What you need to do: The records that follow are to be given again exactly. Do not carry over any image.
::::::
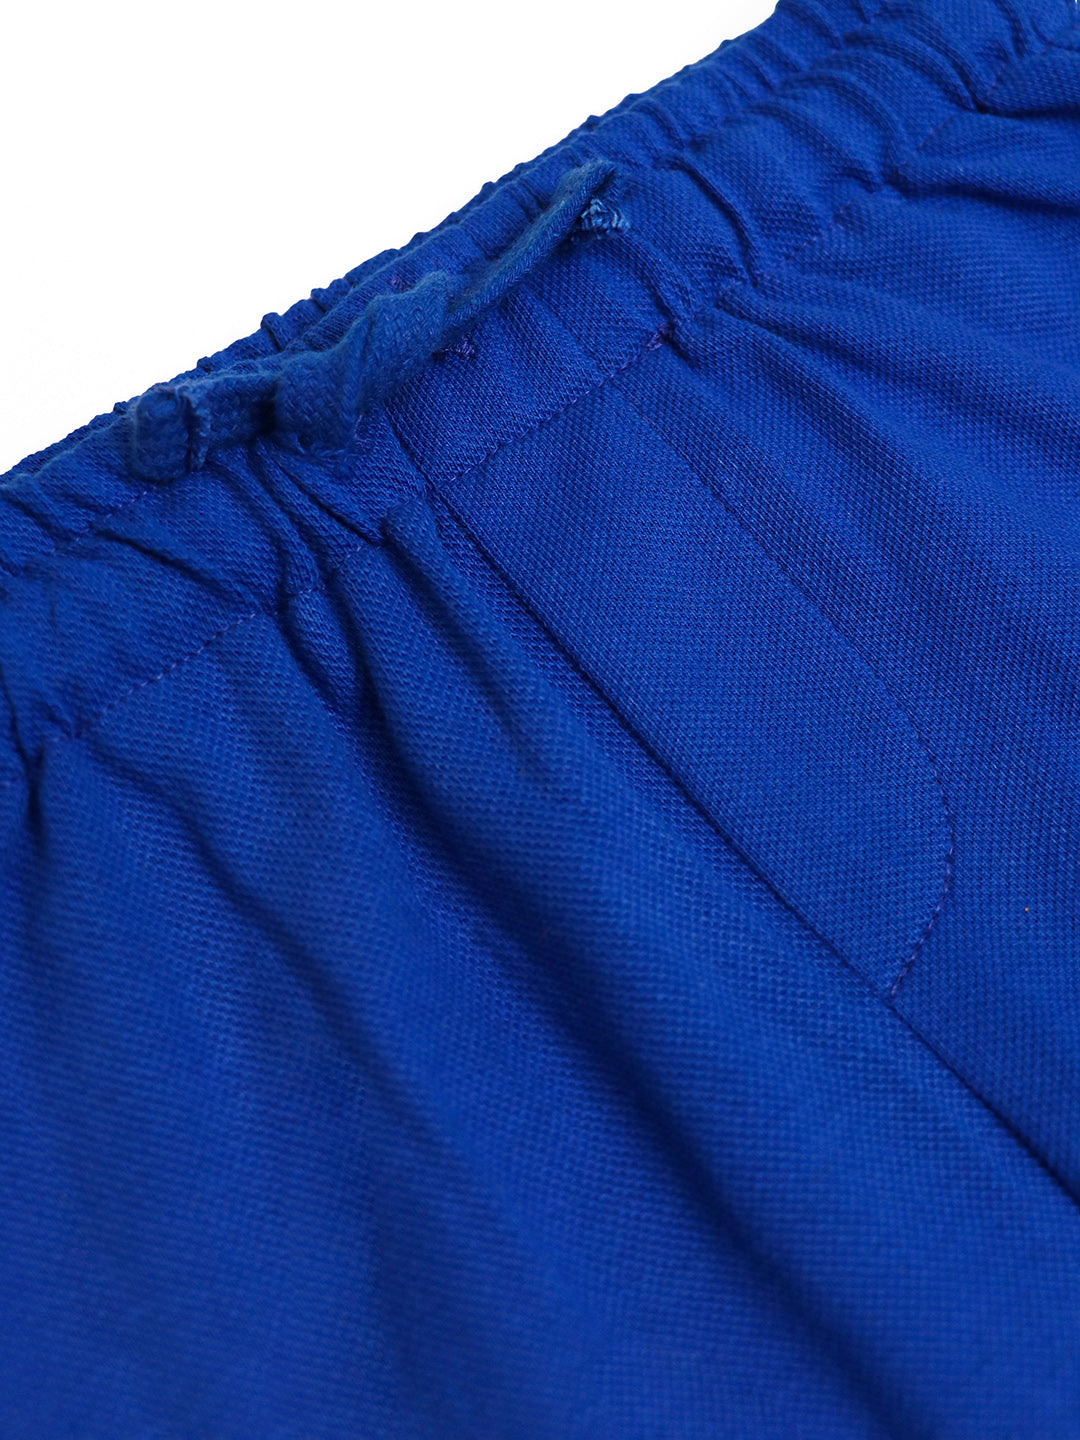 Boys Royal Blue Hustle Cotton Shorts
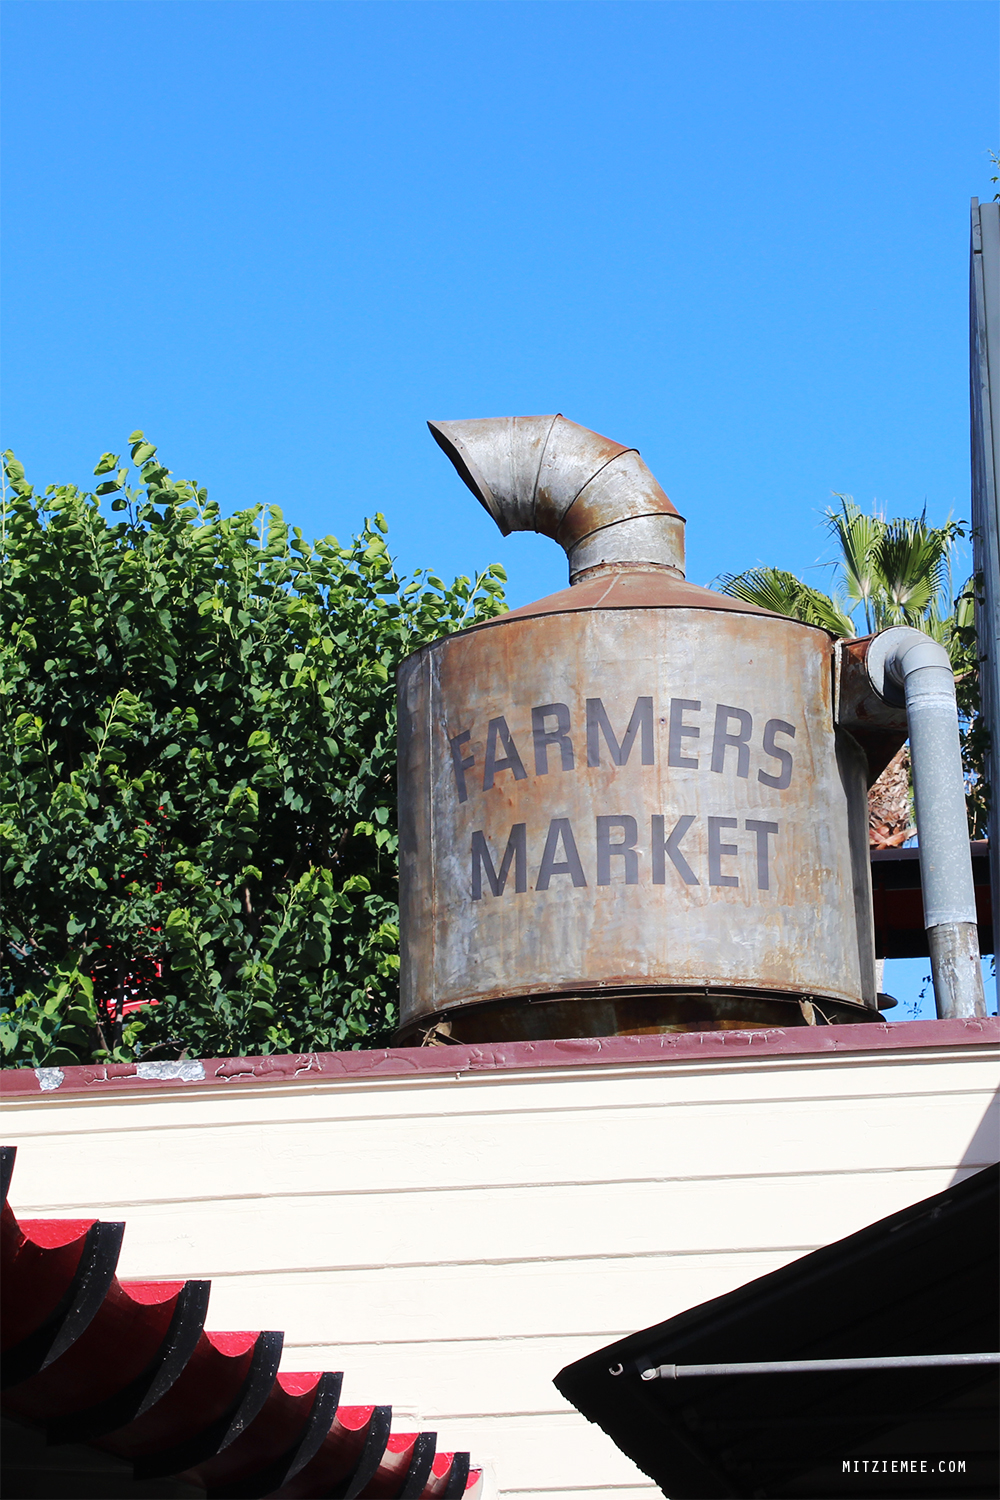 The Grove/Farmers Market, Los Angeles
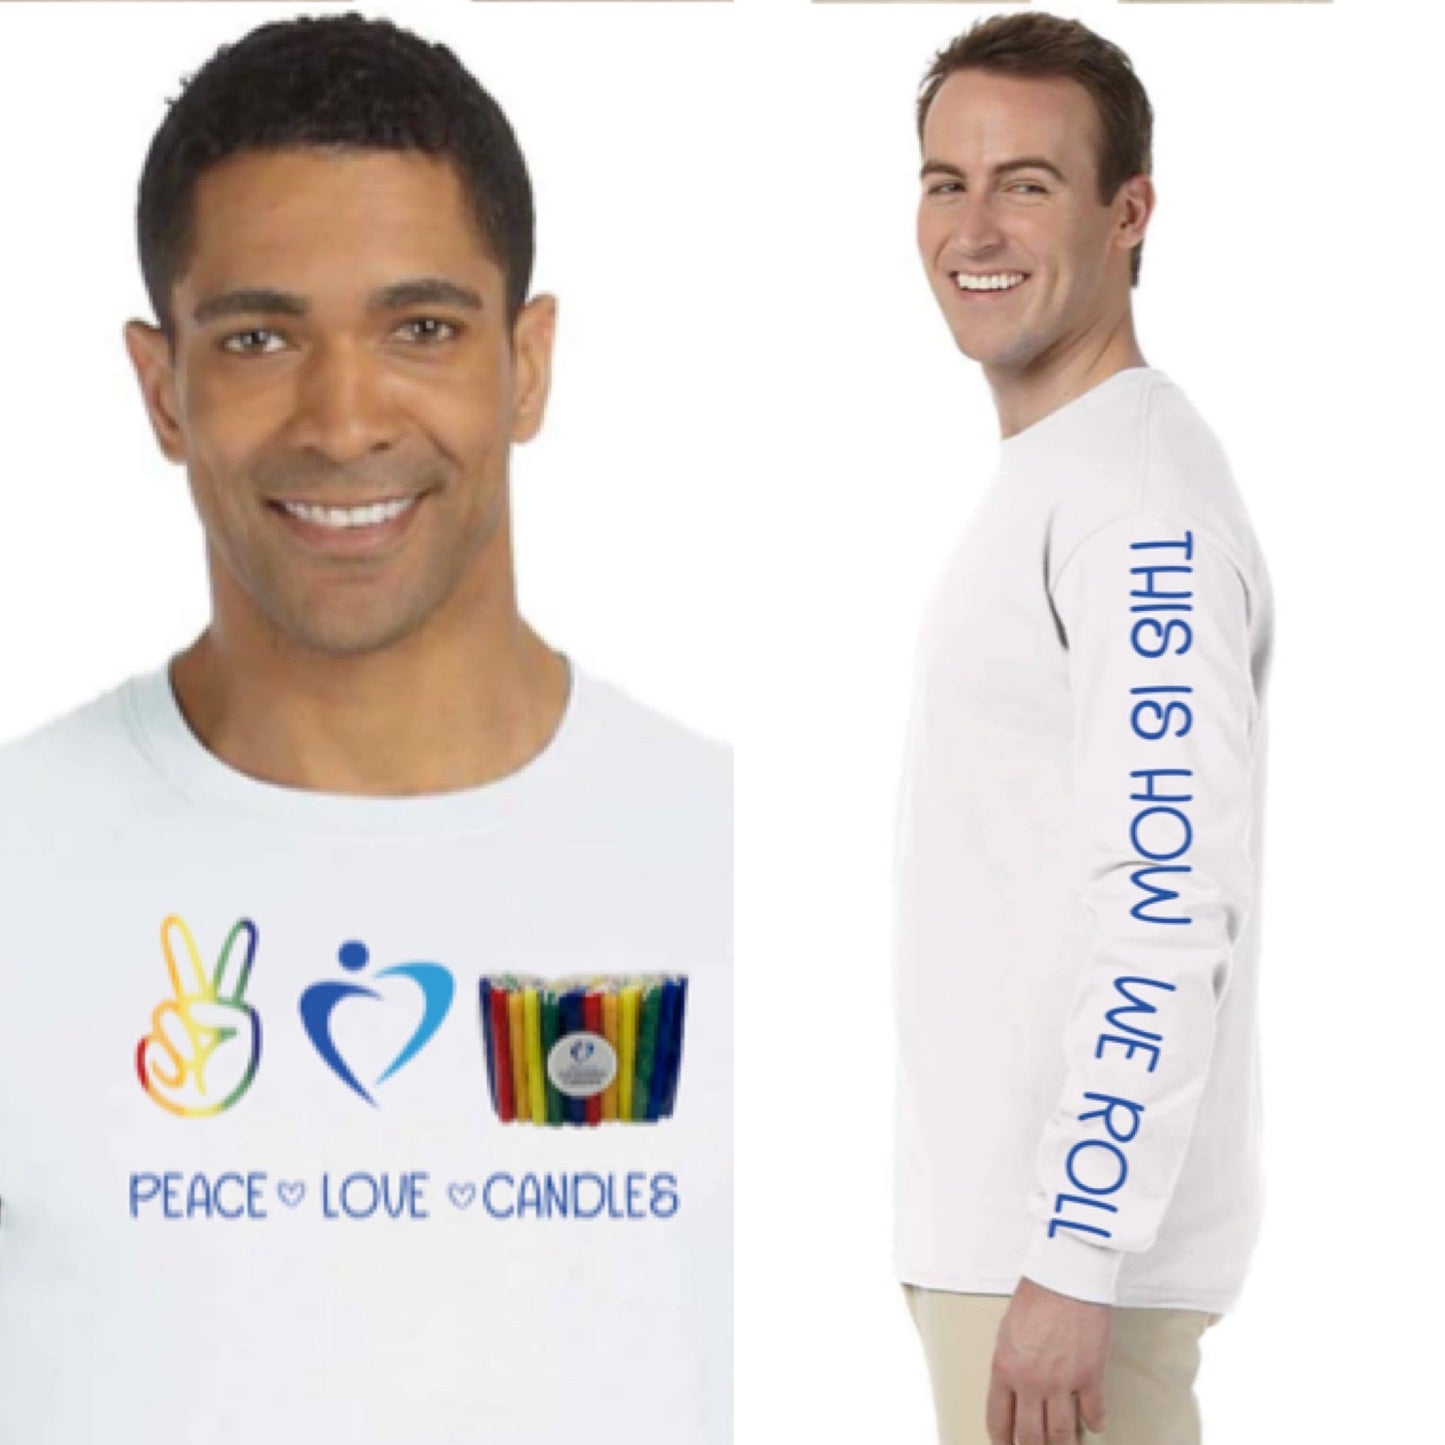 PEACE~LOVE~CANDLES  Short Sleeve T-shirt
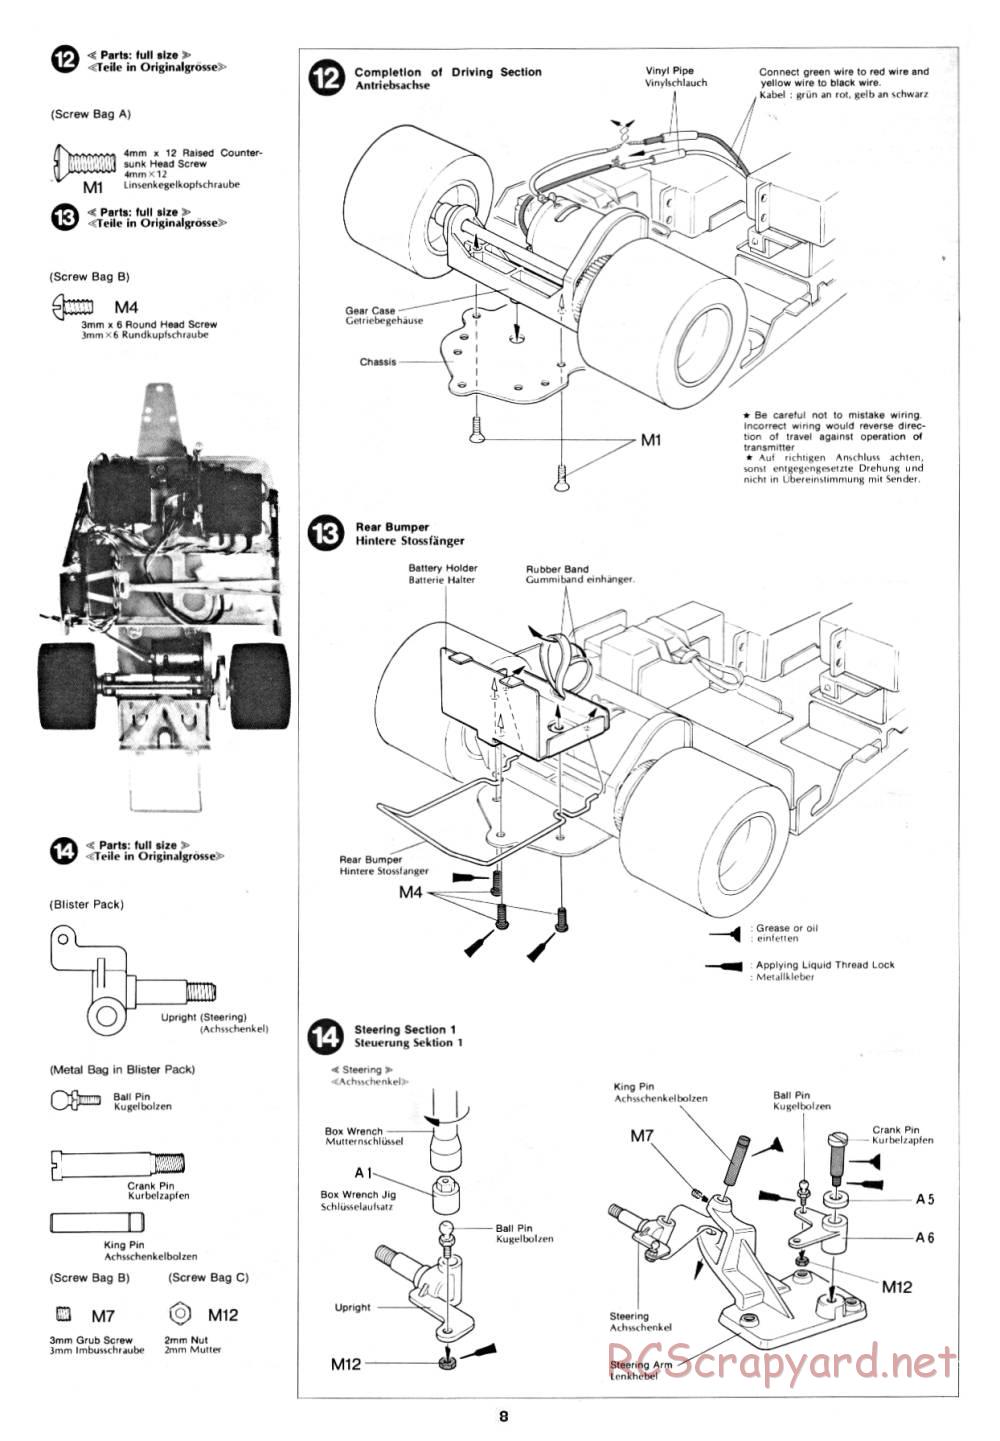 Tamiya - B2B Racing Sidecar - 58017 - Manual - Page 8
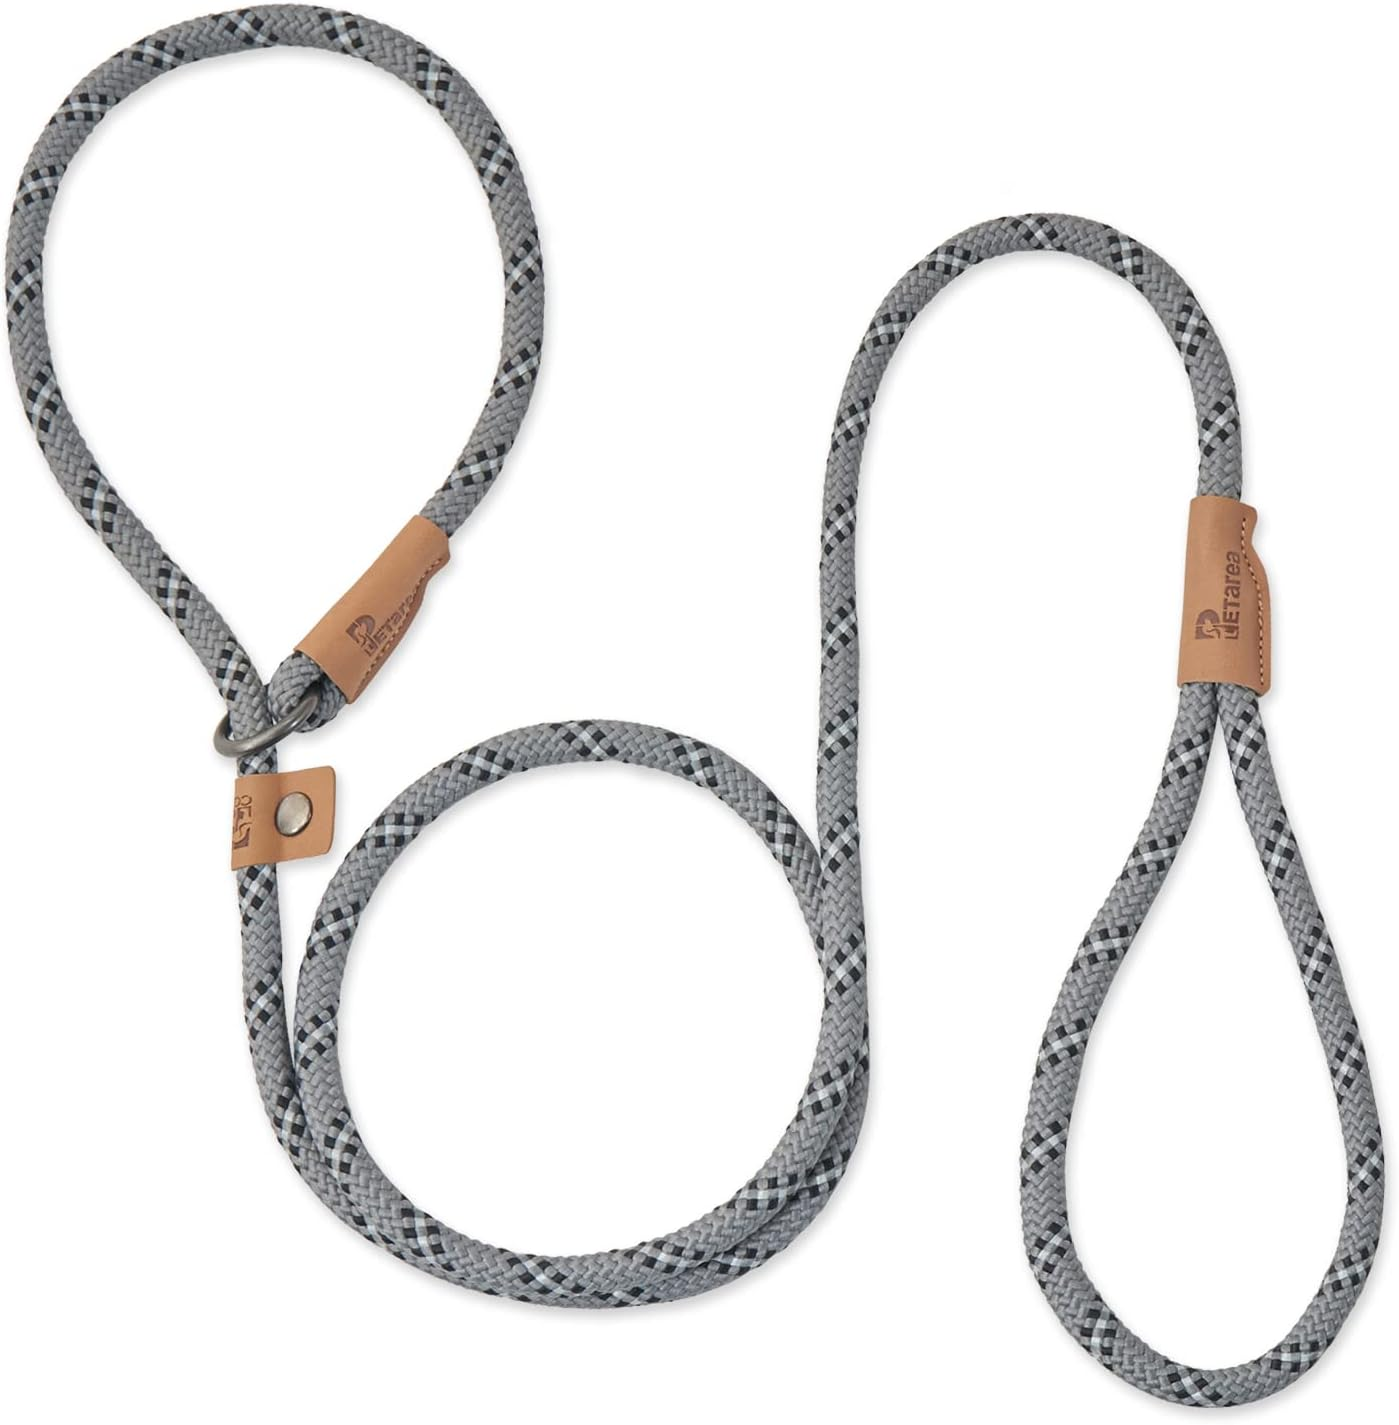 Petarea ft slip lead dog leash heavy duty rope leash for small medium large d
::::::
Reply to the task:
 Boys Royal Blue Hustle Cotton Shorts
 The Grove/Farmers Market, Los Angeles
 PEACE~LOVE~CANDLES  Short Sleeve T-shirt
 Tamiya - B2B Racing Sidecar - 58017 - Manual - Page 8
 Petarea ft slip lead dog leash heavy duty rope leash for small medium large d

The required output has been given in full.